Records excerpted from a collection:
|---|

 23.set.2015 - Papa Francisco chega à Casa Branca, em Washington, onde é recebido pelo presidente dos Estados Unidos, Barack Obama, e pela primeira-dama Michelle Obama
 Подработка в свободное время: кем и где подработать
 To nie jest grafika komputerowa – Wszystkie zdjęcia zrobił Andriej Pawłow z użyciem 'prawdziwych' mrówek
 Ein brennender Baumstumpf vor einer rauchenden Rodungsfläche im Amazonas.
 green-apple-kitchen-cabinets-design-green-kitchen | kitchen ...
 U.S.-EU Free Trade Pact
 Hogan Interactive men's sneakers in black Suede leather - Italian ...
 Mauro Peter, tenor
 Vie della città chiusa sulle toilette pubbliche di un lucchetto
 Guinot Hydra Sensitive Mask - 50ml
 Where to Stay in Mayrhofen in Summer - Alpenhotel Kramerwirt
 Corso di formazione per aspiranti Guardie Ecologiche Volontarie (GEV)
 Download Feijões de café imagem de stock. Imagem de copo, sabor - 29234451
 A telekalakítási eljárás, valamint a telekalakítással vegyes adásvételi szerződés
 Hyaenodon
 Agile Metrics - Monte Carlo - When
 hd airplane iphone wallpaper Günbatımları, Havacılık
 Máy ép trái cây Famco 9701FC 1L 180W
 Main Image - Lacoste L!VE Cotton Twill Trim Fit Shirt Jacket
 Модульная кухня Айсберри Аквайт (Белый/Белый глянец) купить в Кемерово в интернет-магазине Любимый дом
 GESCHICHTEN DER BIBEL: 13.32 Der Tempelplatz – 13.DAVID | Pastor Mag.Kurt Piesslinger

|---|

> _THE TASK_
A word-for-word restatement of the lines running from the one with "Máy ép trái cây Famco 9701FC 1L 180W" to the last line of the records is the whole answer.

> _RESULT OF THIS EXERCISE_
 Máy ép trái cây Famco 9701FC 1L 180W
 Main Image - Lacoste L!VE Cotton Twill Trim Fit Shirt Jacket
 Модульная кухня Айсберри Аквайт (Белый/Белый глянец) купить в Кемерово в интернет-магазине Любимый дом
 GESCHICHTEN DER BIBEL: 13.32 Der Tempelplatz – 13.DAVID | Pastor Mag.Kurt Piesslinger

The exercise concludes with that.